In The Style of Richie Sambora

By Miguel Ángel Ariza

We dive straight into it this week with the gear of one of the guitar heroes that our beloved 80s brought us, and everything that that involves, which is to say, a great arsenal of fireworks added to the sound of a guitar. However our protagonist today, Mr. Richie Sambora far exceeds the tackiness test that prevailed in those years and left us throughout his dilated career a few songs and a pile of solos and sounds to remember... very much in spite of having started his career in the 80s.
   
Beginning his career in the 80s,  you can imagine that, in addition to putting a technique and virtuosity on the table, it was an essential requirement back then in order to play in a rock band for good old Sambora to also be able to steal the show on stage by using a pointed Super Strats like his Kramer Jersey Star (one of the many Kramers he used in the 80s) to then little by little all throughout his career move on to use guitars with double and triple necks like his Fender Telecaster Double Neck or his 3-necked Ovation acoustic.
   
Being an avid collector of instruments today, an authentic guitar legend, composer of some of the most famous songs of the last 35 years, and a millionaire as well, there are few guitars that he didn’t like or possess. To mention one of his favourites we can say he owned a 1959 Gibson Les Paul and another from 1960, he has a Fender Broadcaster he also used in the studio, and another vintage Fender Stratocaster apart from his many variations of his own Fender Stratocaster Richie Sambora Signature, being the ‘58 the one we know he has used on some of his last records with Bon Jovi.    
 
But let’s not waste all the lines in this article enumerating the most famous guitars of all time, one of which he owned almost certainly, let’s talk about the one who has the honour of reviving the Talk Box years after our beloved Peter Frampton made it globally famous on his album Frampton Comes Alive. On two of Bon Jovi’s most famous songs, and therefore of the 80s and 90s, we can hear how he used this effect, very successfully by the way, on riffs in Living on a Prayer and It’s My Life… Who said the Talk Box was dead.    
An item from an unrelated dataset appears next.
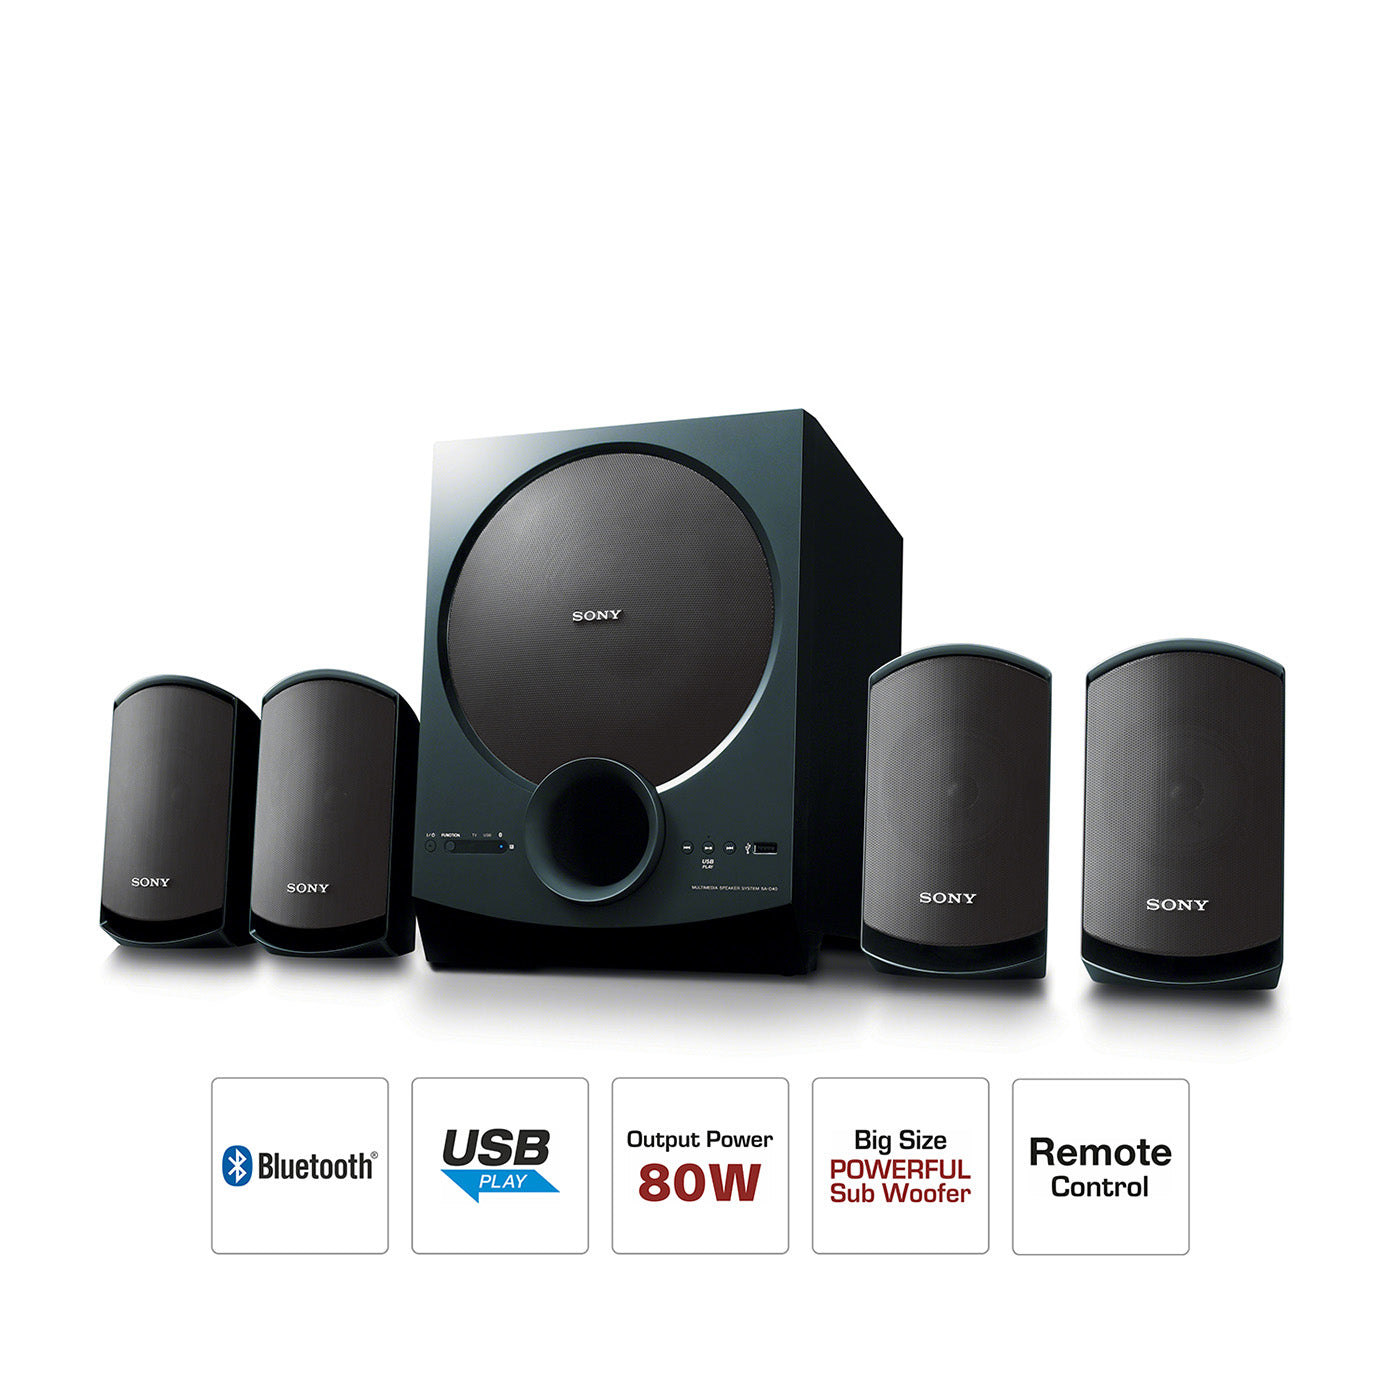 Sony SA-D40 C E12 4.1 Channel Multimedia Speaker System with Bluetooth (Black)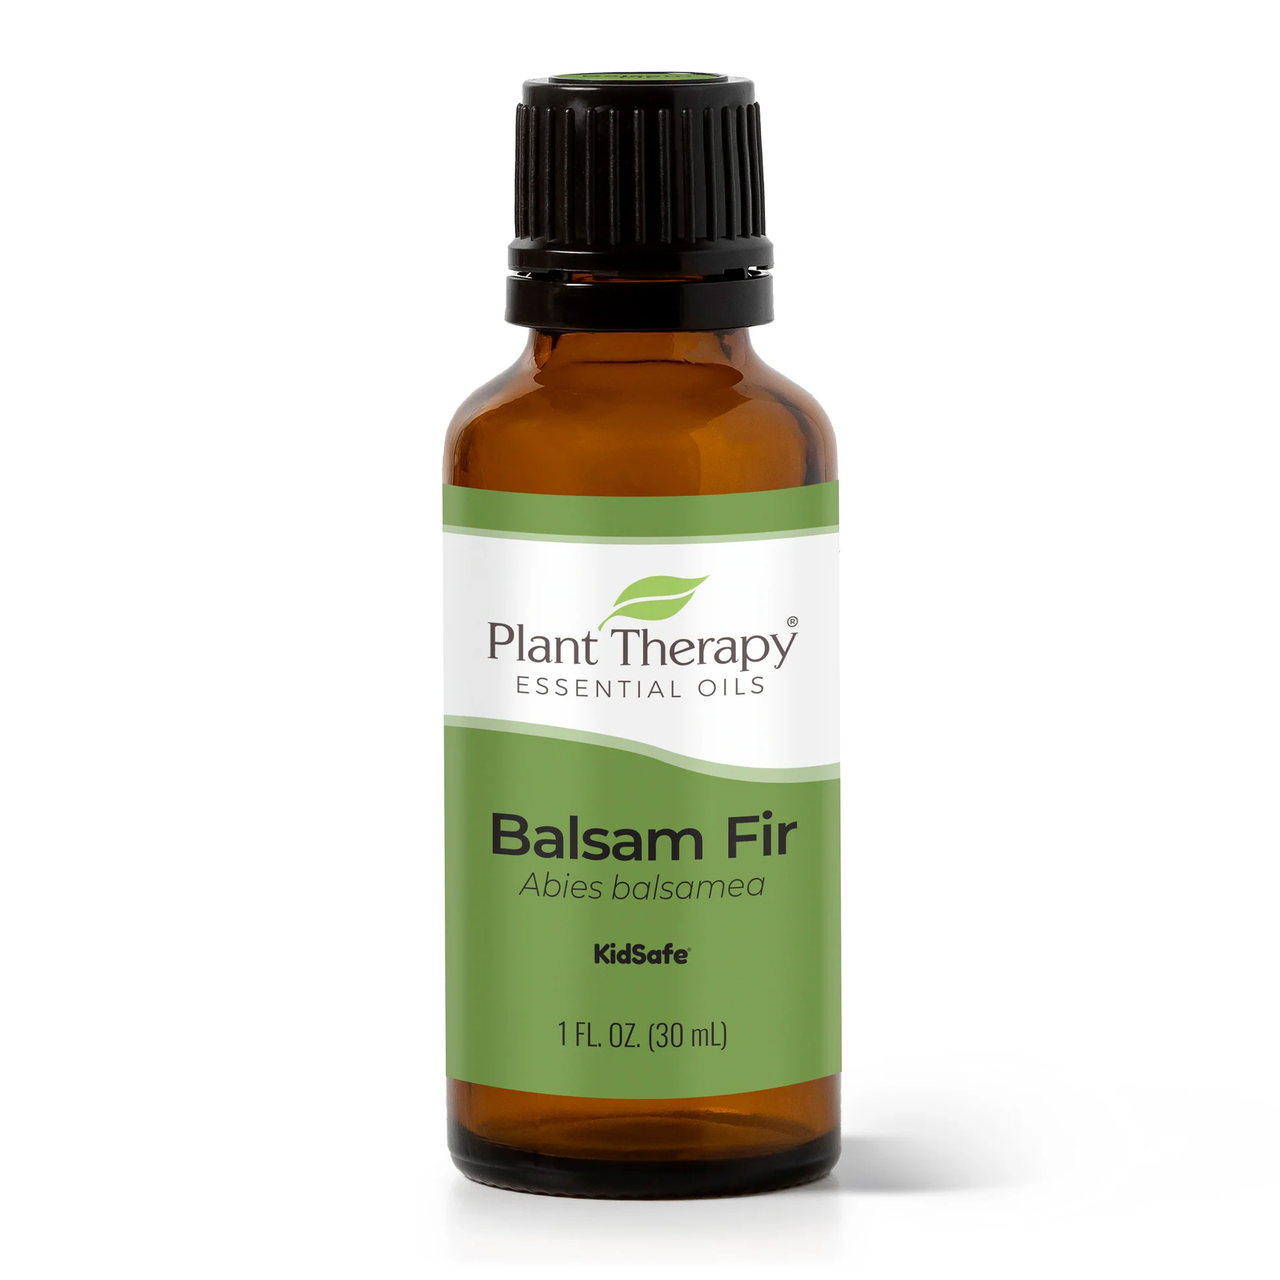 Balsam Fir Essential Oil - Plant Therapy

But in addition to his guitars, he has an authentic collection of vintage Fender Tweeds
in his hands, being his favourites in the last stint with the New Jersey band, a Fender Super Twin from ‘59 and a Bassman from ‘58. Regarding his clean sounds we all know that to make rock onstage beside Bon Jovi, they could never be without their Marshall heads like the JCM 2000, the VHT by Pitbull and some other Blackstar heads.  
   

We could add more and more lines listing the  heads, cabinets, pedals he uses and has used throughout his career, but we believe with these you have a good summary of how to get that tone like Richie Sambora, while adding of course that to have all this you have to throw in a bottle of lacquer to be able to make rock like they did in the 80s...sorry about that… but I had to say it; besides, like I was saying earlier, Sambora has shown what an incredible guitar player he is and has exceeded the clichés of that decade which  gave his band global stardom and will always remain one of the best of his time, and his style and his band as a much bigger band than those anchored in a decade that nowadays the whole world seems to miss thanks to Stranger Things.